**Recorded data**:
⟨

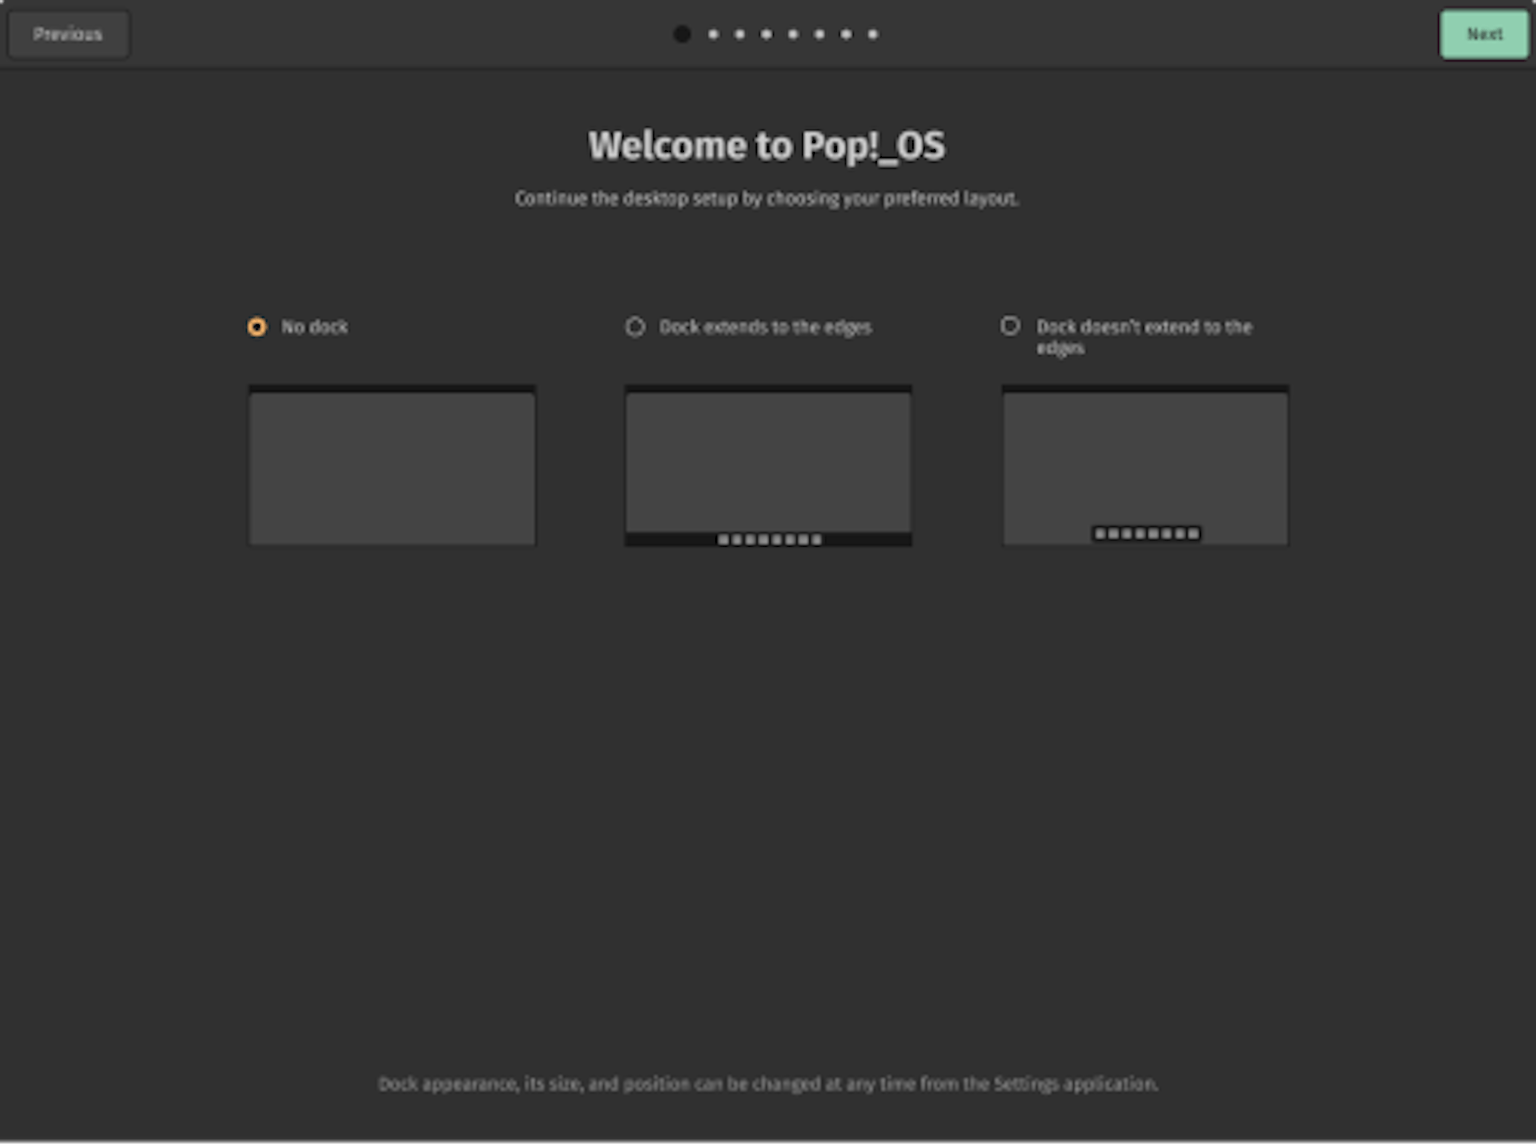 Welcome to Pop!_OS onboarding screen
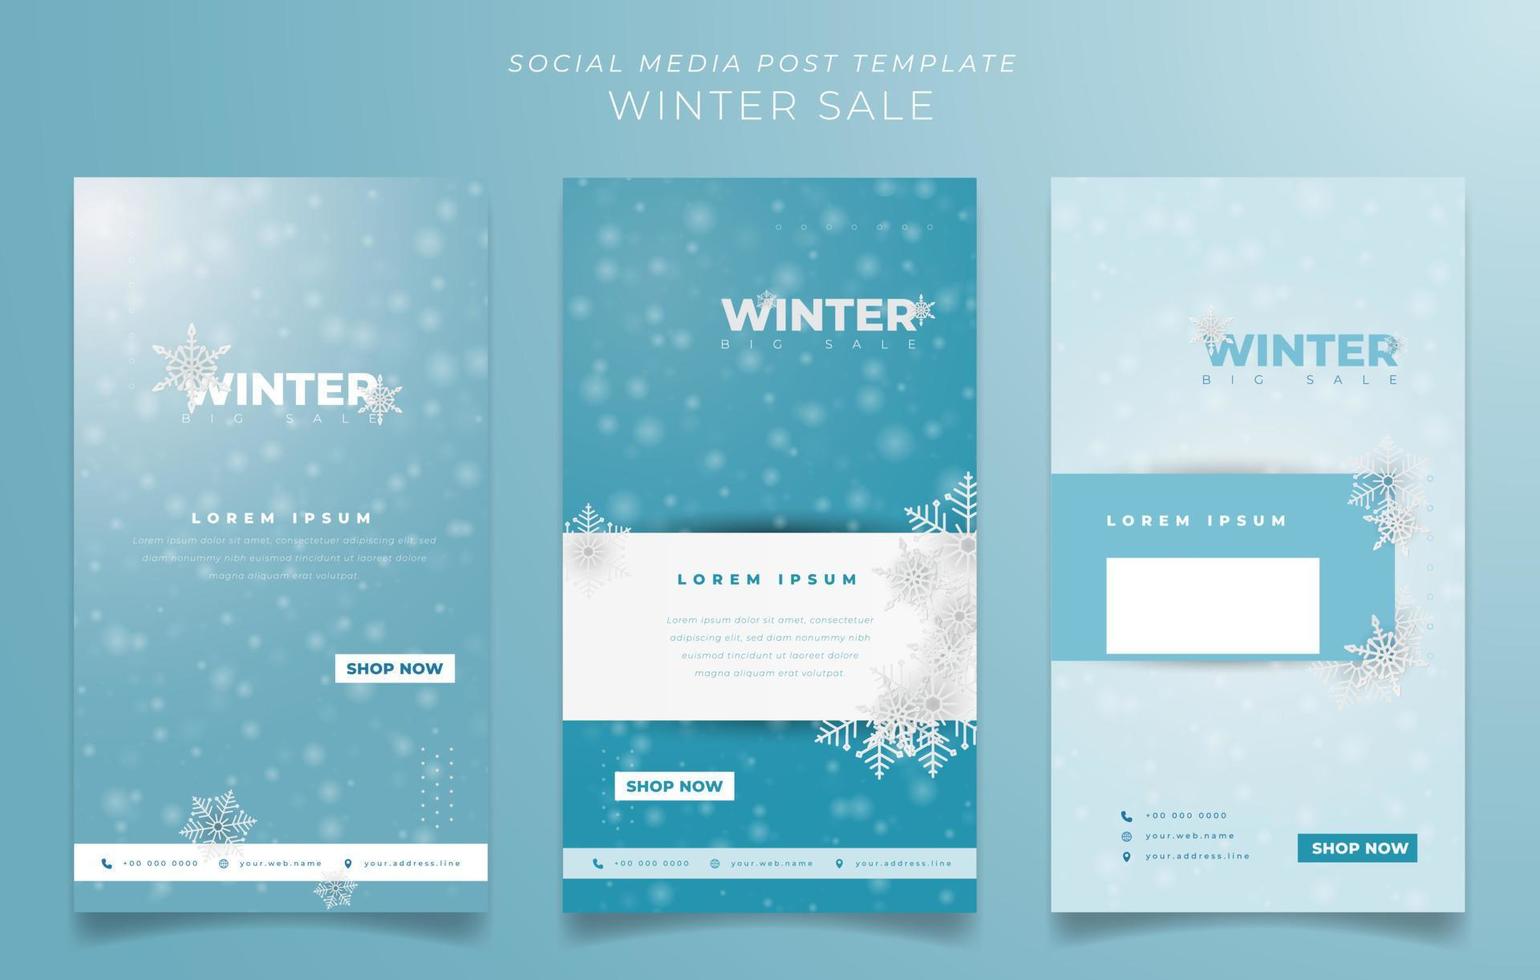 Set of social media post template for winter sale design with white and blue background design vector
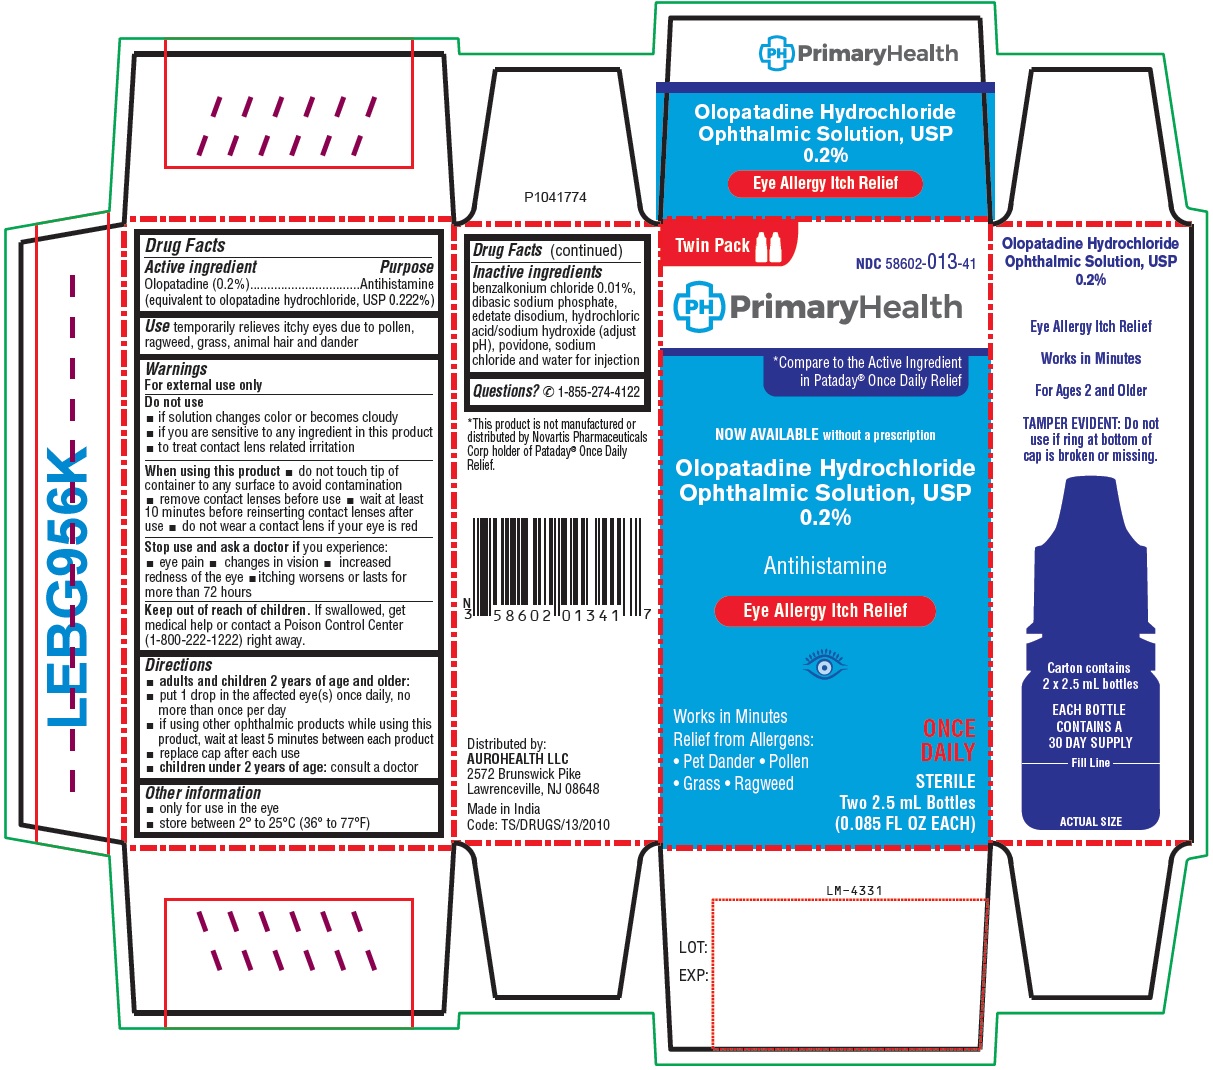 PACKAGE LABEL-PRINCIPAL DISPLAY PANEL-0.2% (2.5 mL Container Carton) Twin Pack
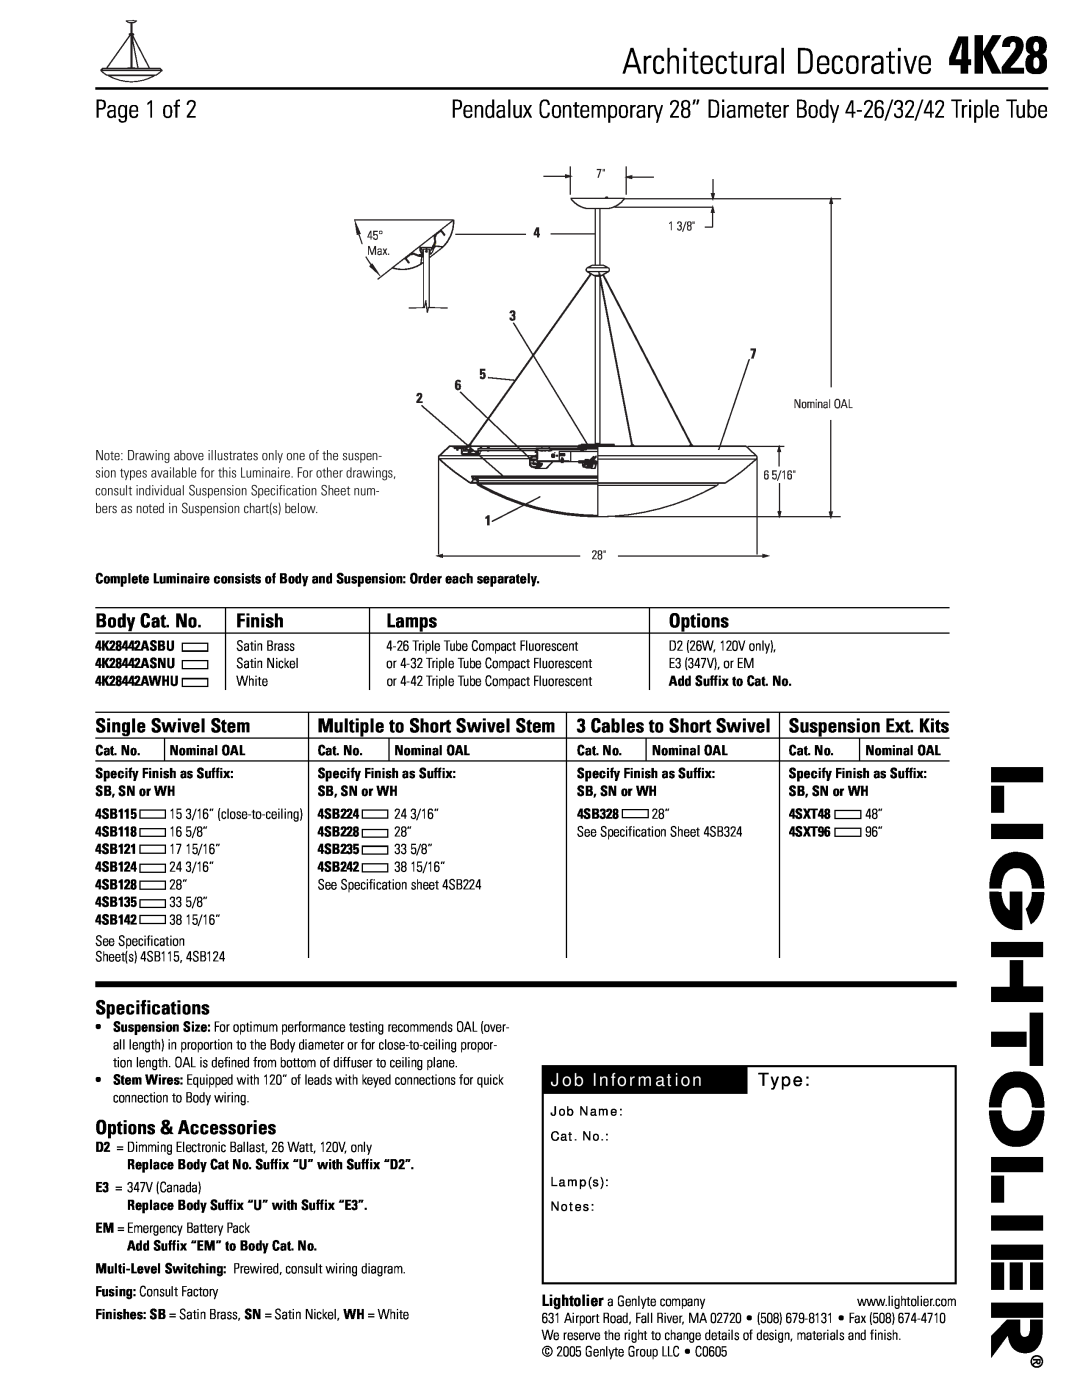 Lightolier specifications Architectural Decorative 4K28, Page 1 of, Body Cat. No, Finish, Lamps, Options, Type 
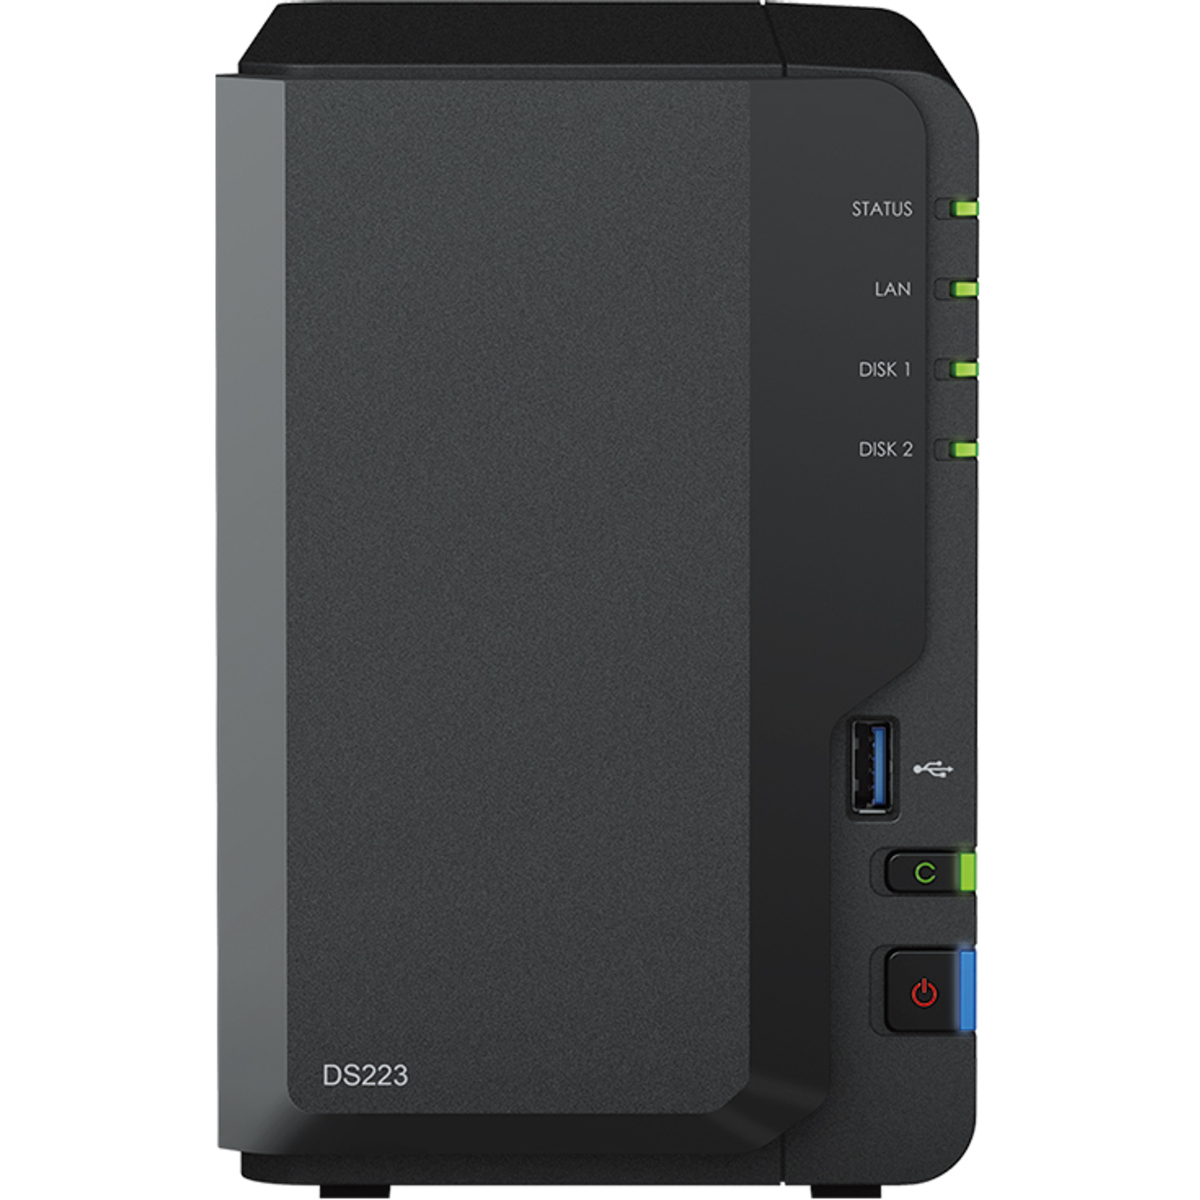 Synology DiskStation DS223 4tb 2-Bay Desktop Personal / Basic Home / Small Office NAS - Network Attached Storage Device 1x4tb Western Digital Red Pro WD4003FFBX 3.5 7200rpm SATA 6Gb/s HDD NAS Class Drives Installed - Burn-In Tested DiskStation DS223

⟩

**Your goal**:
Each line from the one containing "Lightolier specifications Architectural" down to the final line of the records above must be reproduced exactly; no pictures go into the copy.

**Output of the task**:
 Lightolier specifications Architectural Decorative 4K28, Page 1 of, Body Cat. No, Finish, Lamps, Options, Type 
 Synology DiskStation DS223 4tb 2-Bay Desktop Personal / Basic Home / Small Office NAS - Network Attached Storage Device 1x4tb Western Digital Red Pro WD4003FFBX 3.5 7200rpm SATA 6Gb/s HDD NAS Class Drives Installed - Burn-In Tested DiskStation DS223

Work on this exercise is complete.